**EXERCISE PROMPT**
Write out the data exactly, please, and omit the pictures.

**RECORDED INFORMATION**
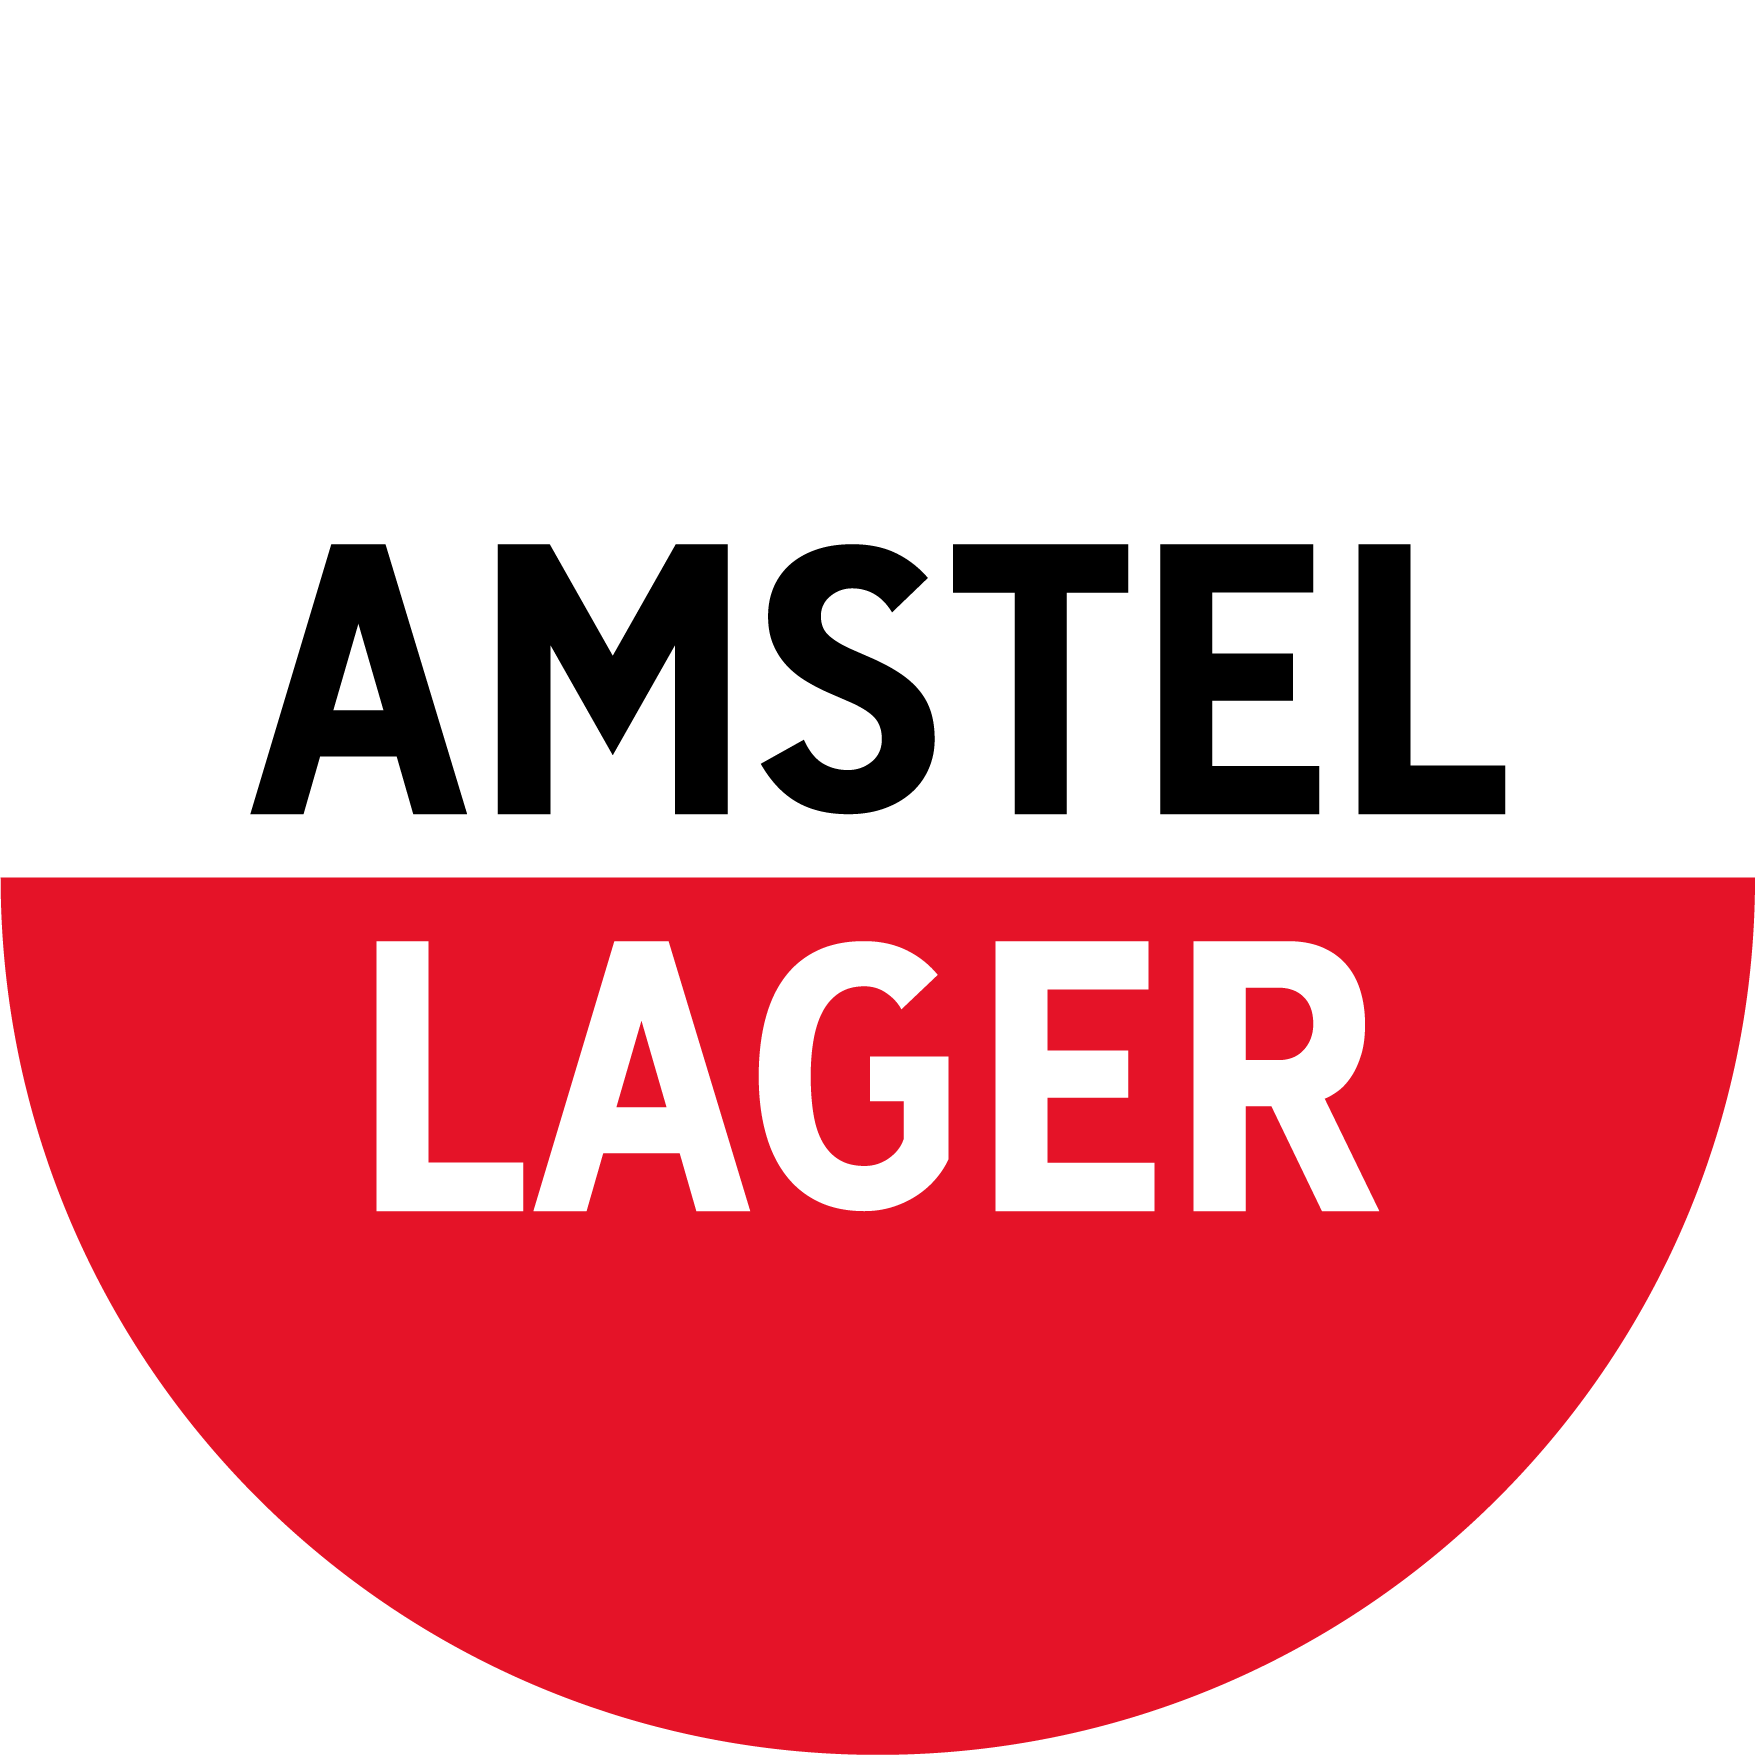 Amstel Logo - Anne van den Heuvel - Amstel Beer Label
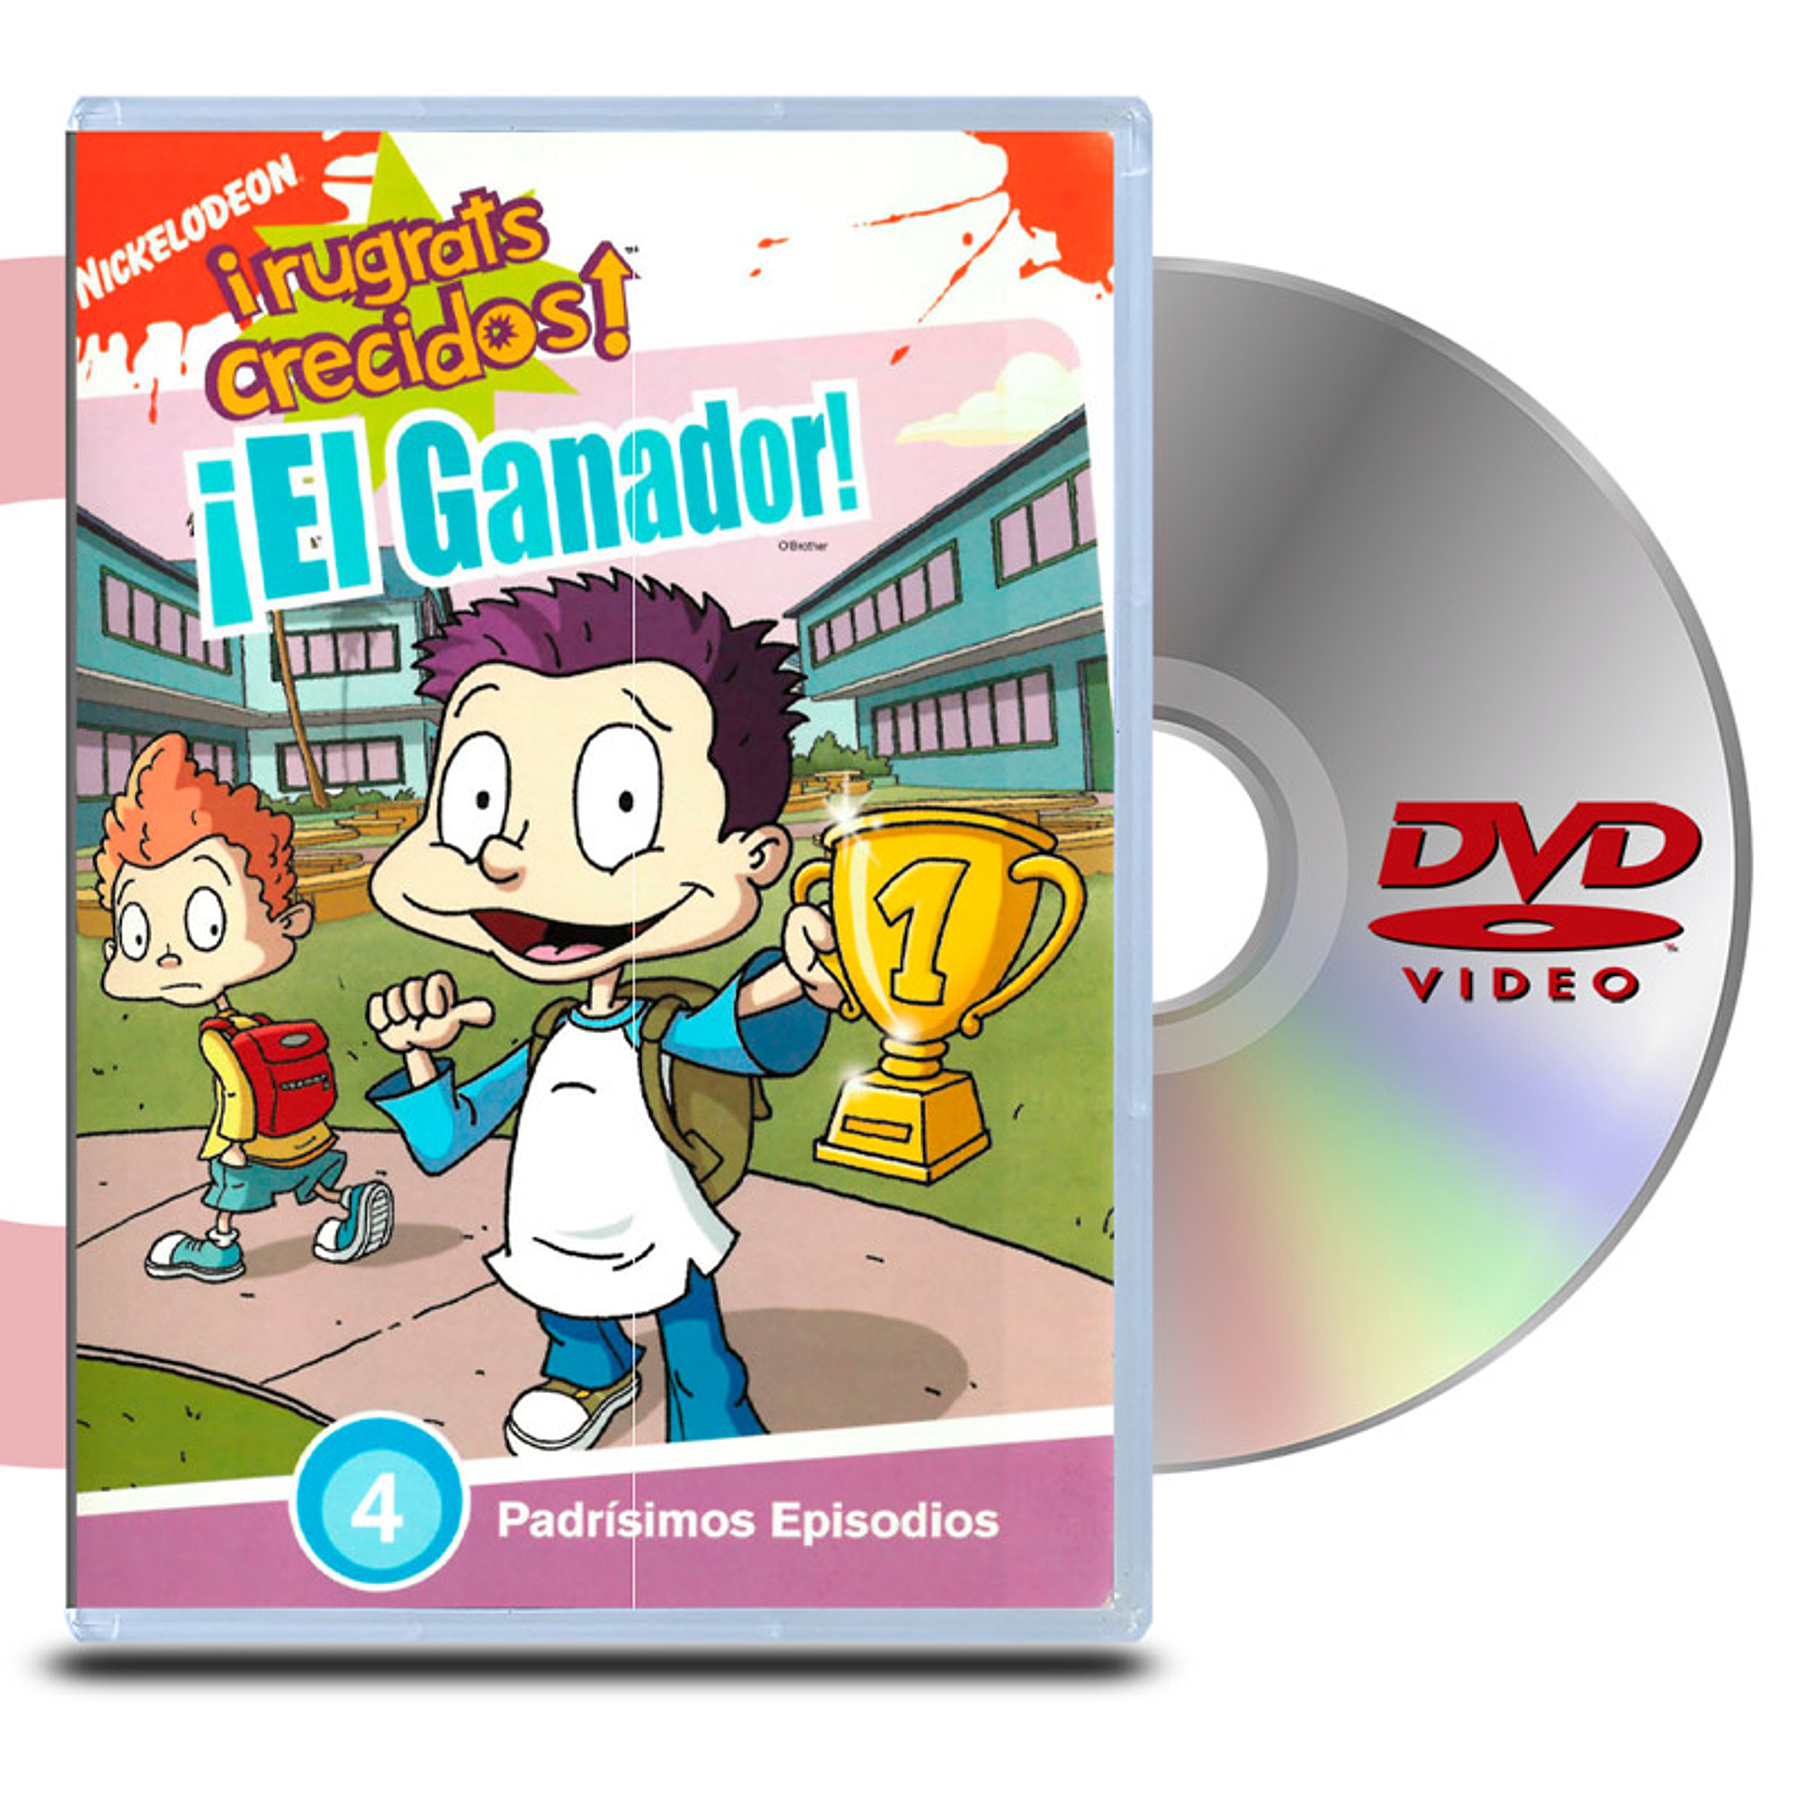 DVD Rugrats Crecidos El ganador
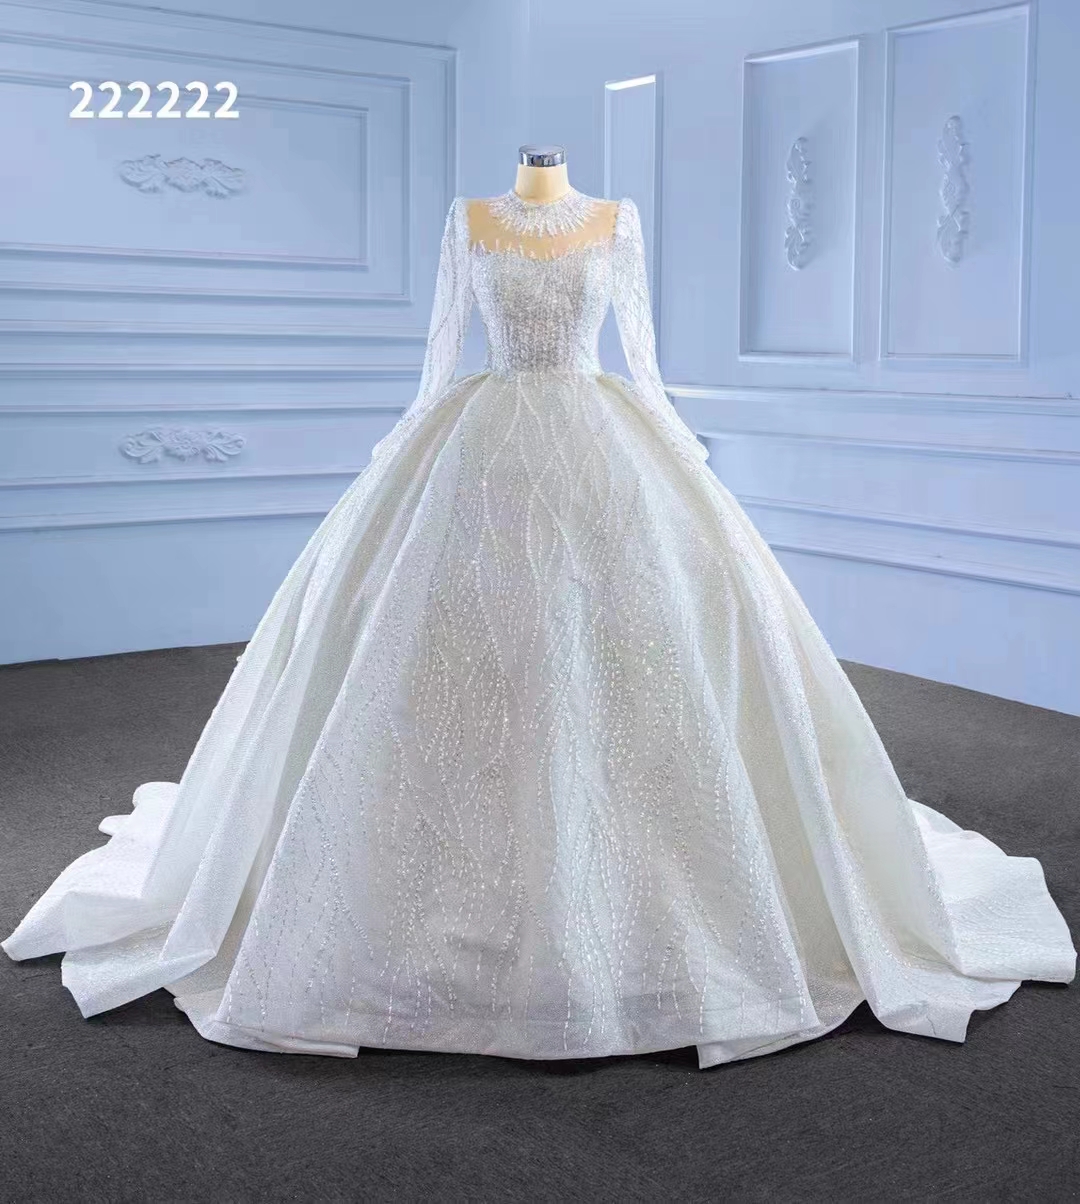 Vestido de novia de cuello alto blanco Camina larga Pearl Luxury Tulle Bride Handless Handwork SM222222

**ANSWER FOR THIS EXERCISE**
 Amstel Logo - Anne van den Heuvel - Amstel Beer Label
 DVD Rugrats Crecidos El ganador
 Vestido de novia de cuello alto blanco Camina larga Pearl Luxury Tulle Bride Handless Handwork SM222222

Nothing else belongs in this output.